On Tue, Sep 02, 2025 at 12:06:01PM +0200, Mateusz Guzik wrote:
> On Tue, Aug 26, 2025 at 11:39:00AM -0400, Josef Bacik wrote:
> 
> Hi Josef,
> 
> I read through the entire patchset and I think I got the hang of it.
> 
> Bottom line is I disagree with the core idea of the patchset and
> majority of the justification raised in the cover letter. :)
> 
> I'll be very to the point, trying to be as clear as possible and
> consequently lacking in soft-speak. Based on your name I presume you are
> also of Slavic descent, hopefully making it fine ;-)
> 
> I don't have a vote per se so this is not really a NAK. Instead I'm
> making a case to you and VFS maintaienrs to not include this.

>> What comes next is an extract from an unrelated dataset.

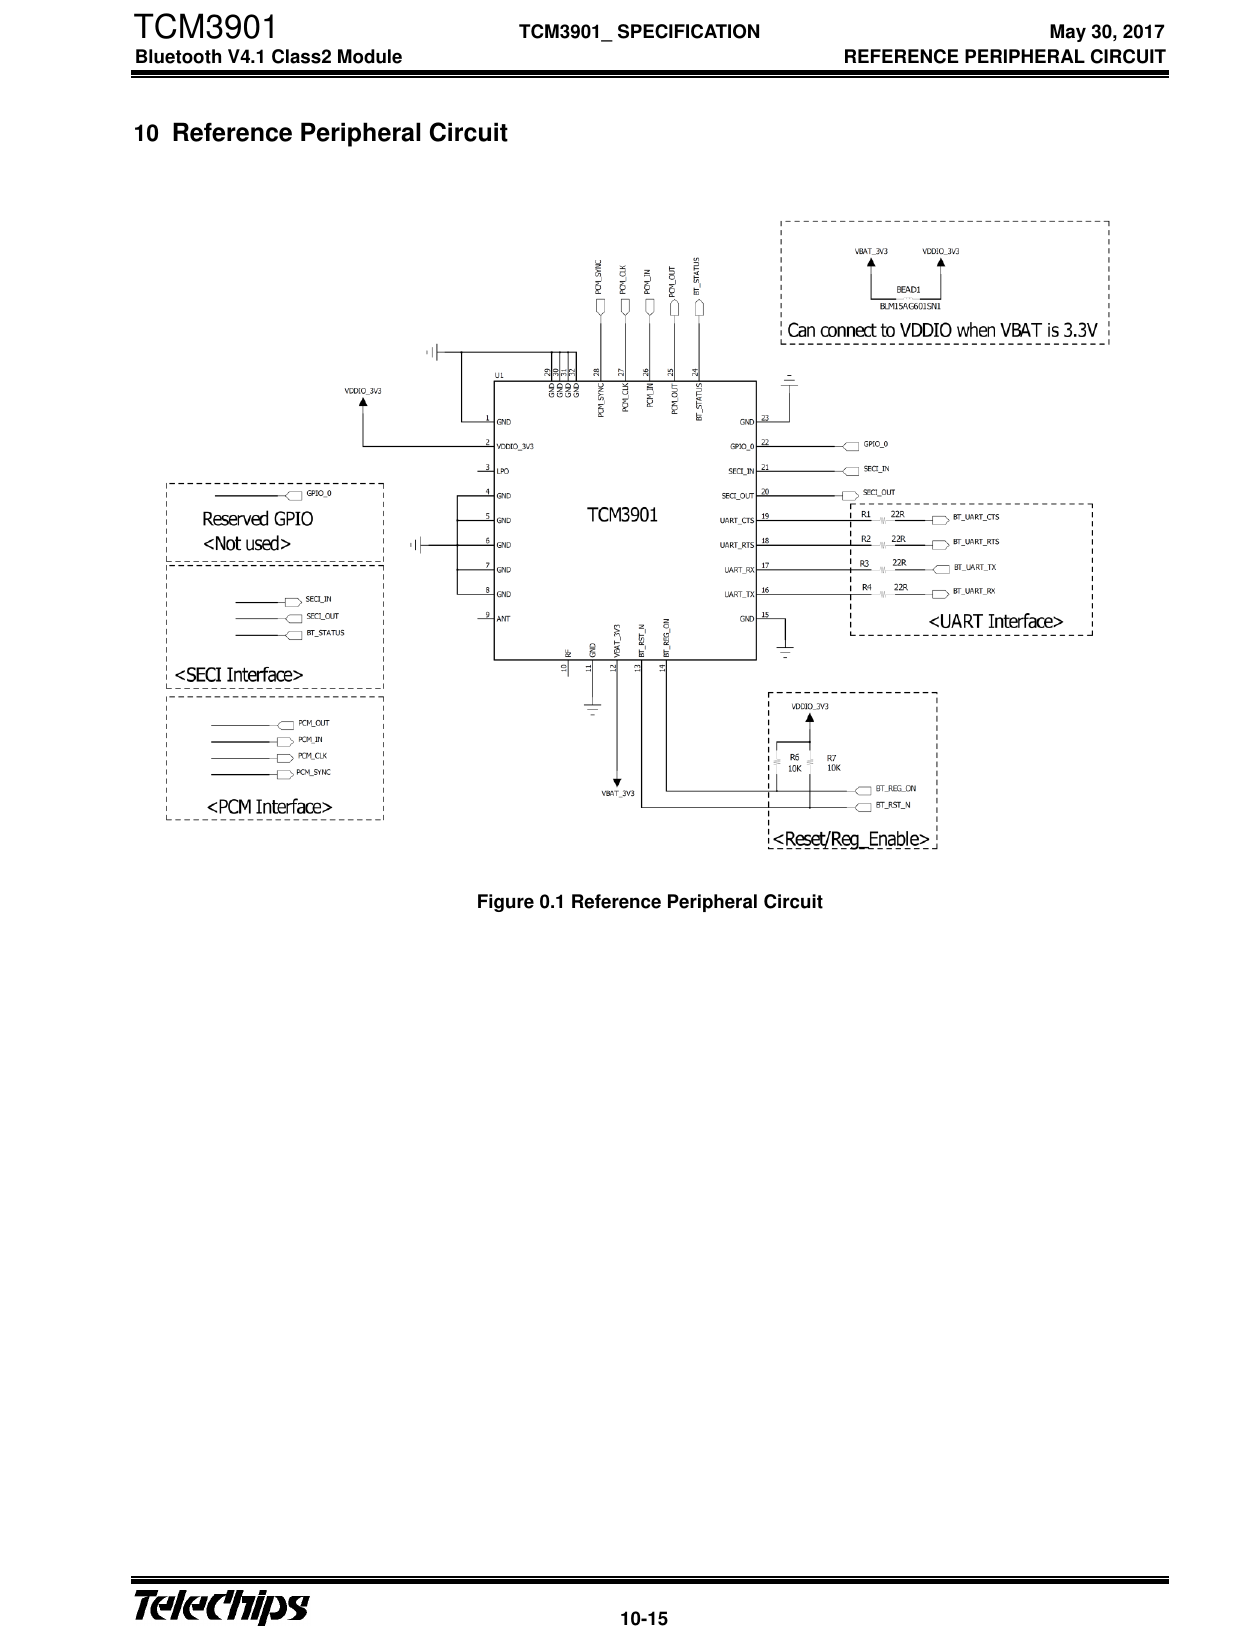 TCM3901  TCM3901_ SPECIFICATION  May 30, 2017 Bluetooth V4.1 Class2 Module    REFERENCE PERIPHERAL CIRCUIT     10-15  10  Reference Peripheral Circuit    Figure 0.1 Reference Peripheral Circuit

Mateusz, I always value your feedback and your views. As long as you aren't
personally attacking anybody I have no problems being told that you think I'm
wrong, and I've never seen you be rude or combative, so I wasn't expecting to
see anything in this email I wouldn't want to hear.  I did this as an RFC
specifically hoping you would look at this and come up with a solution I hadn't
thought of. Thank you for thoroughly digging through this and giving a quite
thorough and well thought out response.

> 
> ACHTUNG: this is *really* long and I probably forgot to mention
> something.
> 
> Frankly the patchset seems to be a way to help btrfs by providing a new
> refcount (but not in a generic-friendly manner) while taking issue with
> refcount 0 having a "the inode is good to go if need be" meaning. I
> provide detailed reasoning below.
> 
> It warrants noting there is a lot of plain crap in the VFS layer.
> Between the wtf flags, bad docs for them, poor assert coverage,
> open-coded & repeated access to stuff (including internal state), I have
> to say someone(tm) needs to take a hammer to it.
> 
> However, as far as I can tell, modulo the quality of how things are
> expressed in the code (so to speak), the crux of what the layer is doing
> in terms of inode management follows idiomatic behavior I would expect
> to see, I just needs to be done better.
> 
> While there are perfectly legitimate reasons to introduce a "hold"
> reference counter, I pose the patchset at hand does not justify its
> introduction. If anything I will argue it would be a regression to do it
> the way it is proposed here, even if some variant of the new counter
> will find a use case.
> 
> > This series is the first part of a larger body of work geared towards solving a
> > variety of scalability issues in the VFS.
> > 
> 
> Elsewhere in the thread it is mentioned that there is a plan to remove
> the inode LRU and replace the inode hash with xarray after these changes.
> 
> I don't understand how this patchset paves the way for either of those
> things.
> 
> If anything, per notes from other people, it would probably be best if
> the inode LRU got removed first and this patchset got rebased on it (if
> it is to land at all).
> 
> For the inode hash the real difficulty is not really in terms of
> implementing something, but evaluating available options. Even if the
> statically-allocated hash should go (it probably should), the hashing
> function is not doing a good job (read: the hash is artificially
> underperforming) and merely replacing it with something else might not
> give an accurate picture whether the new pick for the data structure is
> genuinely the right choice (due to skewed comparison as the hash is
> gimped, both in terms of hashing func and global locking).
> 
> The minor technical problem which is there in the stock kernel and which
> remains unaddressed by your patchset is the need to take ->i_lock. Some
> of later commentary in this cover letter claims this is sorted out,
> but that's only true if someone already has a ref (as in the lock is
> only optionally ommitted).
> 
> In particular, if one was to implement fine-grained locking for the hash
> with bitlocks, I'm told the resulting ordering of bitlock -> spinlock
> would be problematic on RT kernels as the former type is a hack which
> literally only spins and does not support any form of preemption. The
> ordering can be swapped around to spinlock -> bitlock thanks to RCU
> (e.g., for deletion from the hash you would find the inode using RCU
> traversal, lock it, lock the chain and only then delete etc.).
> 
> Since your patchset keeps the lock in place, the kernel is in the same
> boat in both cases (also if the new thing only uses spinlocks).
> 
> As far as I know the other non-fs specific bottlenecks for inode
> handling are the super block list and dentry LRU, neither of which
> benefit from the patchset either.
> 
> So again I don't see how scalability work is facilitated by this patchset.
> 

Agreed, my wording is misleading at best here.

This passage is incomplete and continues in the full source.